Return, exactly as written, every line from the first line of the data below through the line that contains "Медицинский центр бест".

---*---

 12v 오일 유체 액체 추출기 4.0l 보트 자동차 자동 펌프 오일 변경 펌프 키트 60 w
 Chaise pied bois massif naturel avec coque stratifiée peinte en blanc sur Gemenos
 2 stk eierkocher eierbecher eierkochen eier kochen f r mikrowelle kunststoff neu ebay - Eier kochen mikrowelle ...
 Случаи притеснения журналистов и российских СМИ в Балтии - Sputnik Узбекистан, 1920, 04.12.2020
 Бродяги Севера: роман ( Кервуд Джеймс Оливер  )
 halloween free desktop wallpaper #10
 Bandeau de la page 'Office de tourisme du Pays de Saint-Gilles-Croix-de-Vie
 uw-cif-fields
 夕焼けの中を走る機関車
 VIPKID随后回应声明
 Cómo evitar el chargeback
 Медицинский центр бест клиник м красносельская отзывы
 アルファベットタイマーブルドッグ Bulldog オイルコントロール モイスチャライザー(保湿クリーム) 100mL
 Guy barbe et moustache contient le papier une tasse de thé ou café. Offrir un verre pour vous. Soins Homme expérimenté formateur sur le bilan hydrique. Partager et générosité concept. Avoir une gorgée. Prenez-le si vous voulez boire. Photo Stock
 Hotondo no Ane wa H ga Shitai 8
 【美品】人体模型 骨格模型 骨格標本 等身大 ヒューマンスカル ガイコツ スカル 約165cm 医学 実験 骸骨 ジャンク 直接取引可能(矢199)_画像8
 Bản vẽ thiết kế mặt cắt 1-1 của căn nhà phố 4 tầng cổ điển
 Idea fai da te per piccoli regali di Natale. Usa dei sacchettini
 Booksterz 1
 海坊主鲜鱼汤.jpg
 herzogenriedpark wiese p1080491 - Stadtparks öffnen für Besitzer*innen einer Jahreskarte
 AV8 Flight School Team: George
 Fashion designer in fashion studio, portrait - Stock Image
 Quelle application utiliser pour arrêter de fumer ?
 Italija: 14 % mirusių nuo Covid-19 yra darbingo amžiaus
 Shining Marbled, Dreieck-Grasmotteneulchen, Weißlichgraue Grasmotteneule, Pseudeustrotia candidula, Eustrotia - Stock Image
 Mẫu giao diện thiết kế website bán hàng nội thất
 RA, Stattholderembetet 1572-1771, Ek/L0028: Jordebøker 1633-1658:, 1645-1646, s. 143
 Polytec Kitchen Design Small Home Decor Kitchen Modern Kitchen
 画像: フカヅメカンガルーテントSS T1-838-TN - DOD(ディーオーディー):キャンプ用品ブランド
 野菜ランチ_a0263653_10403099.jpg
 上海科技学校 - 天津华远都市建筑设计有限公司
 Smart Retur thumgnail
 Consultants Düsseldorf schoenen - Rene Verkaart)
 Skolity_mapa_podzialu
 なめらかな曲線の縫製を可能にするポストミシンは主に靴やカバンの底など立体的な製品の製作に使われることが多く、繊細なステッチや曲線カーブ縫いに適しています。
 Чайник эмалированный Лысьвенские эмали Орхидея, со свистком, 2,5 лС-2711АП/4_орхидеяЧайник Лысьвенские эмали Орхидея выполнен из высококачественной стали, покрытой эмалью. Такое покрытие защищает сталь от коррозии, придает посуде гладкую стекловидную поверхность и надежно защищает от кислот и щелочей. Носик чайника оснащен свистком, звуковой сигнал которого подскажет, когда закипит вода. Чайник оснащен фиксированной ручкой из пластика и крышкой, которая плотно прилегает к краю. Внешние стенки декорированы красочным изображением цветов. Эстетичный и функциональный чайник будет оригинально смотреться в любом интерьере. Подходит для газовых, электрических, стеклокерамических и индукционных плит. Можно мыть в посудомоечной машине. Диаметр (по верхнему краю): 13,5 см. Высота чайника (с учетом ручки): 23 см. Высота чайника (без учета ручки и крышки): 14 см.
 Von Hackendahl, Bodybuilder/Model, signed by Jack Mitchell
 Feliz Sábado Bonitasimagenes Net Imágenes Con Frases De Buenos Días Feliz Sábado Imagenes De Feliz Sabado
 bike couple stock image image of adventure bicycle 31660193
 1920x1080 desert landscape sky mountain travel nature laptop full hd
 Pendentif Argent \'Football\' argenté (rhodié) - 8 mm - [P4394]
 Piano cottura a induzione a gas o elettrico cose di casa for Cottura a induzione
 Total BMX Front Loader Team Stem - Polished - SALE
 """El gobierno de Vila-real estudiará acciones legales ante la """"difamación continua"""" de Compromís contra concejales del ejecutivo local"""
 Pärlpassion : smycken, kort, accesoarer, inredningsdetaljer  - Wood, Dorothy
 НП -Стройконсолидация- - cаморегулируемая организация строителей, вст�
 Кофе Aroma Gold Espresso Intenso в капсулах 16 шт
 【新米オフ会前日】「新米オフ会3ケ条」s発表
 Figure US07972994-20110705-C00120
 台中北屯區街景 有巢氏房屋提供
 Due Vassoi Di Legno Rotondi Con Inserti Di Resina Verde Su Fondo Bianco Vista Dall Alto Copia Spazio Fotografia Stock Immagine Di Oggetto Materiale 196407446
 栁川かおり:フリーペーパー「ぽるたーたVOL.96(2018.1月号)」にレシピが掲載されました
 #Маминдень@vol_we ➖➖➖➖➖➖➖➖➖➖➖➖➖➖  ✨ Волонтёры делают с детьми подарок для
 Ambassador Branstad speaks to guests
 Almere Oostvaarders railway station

---*---

Answer area:
 12v 오일 유체 액체 추출기 4.0l 보트 자동차 자동 펌프 오일 변경 펌프 키트 60 w
 Chaise pied bois massif naturel avec coque stratifiée peinte en blanc sur Gemenos
 2 stk eierkocher eierbecher eierkochen eier kochen f r mikrowelle kunststoff neu ebay - Eier kochen mikrowelle ...
 Случаи притеснения журналистов и российских СМИ в Балтии - Sputnik Узбекистан, 1920, 04.12.2020
 Бродяги Севера: роман ( Кервуд Джеймс Оливер  )
 halloween free desktop wallpaper #10
 Bandeau de la page 'Office de tourisme du Pays de Saint-Gilles-Croix-de-Vie
 uw-cif-fields
 夕焼けの中を走る機関車
 VIPKID随后回应声明
 Cómo evitar el chargeback
 Медицинский центр бест клиник м красносельская отзывы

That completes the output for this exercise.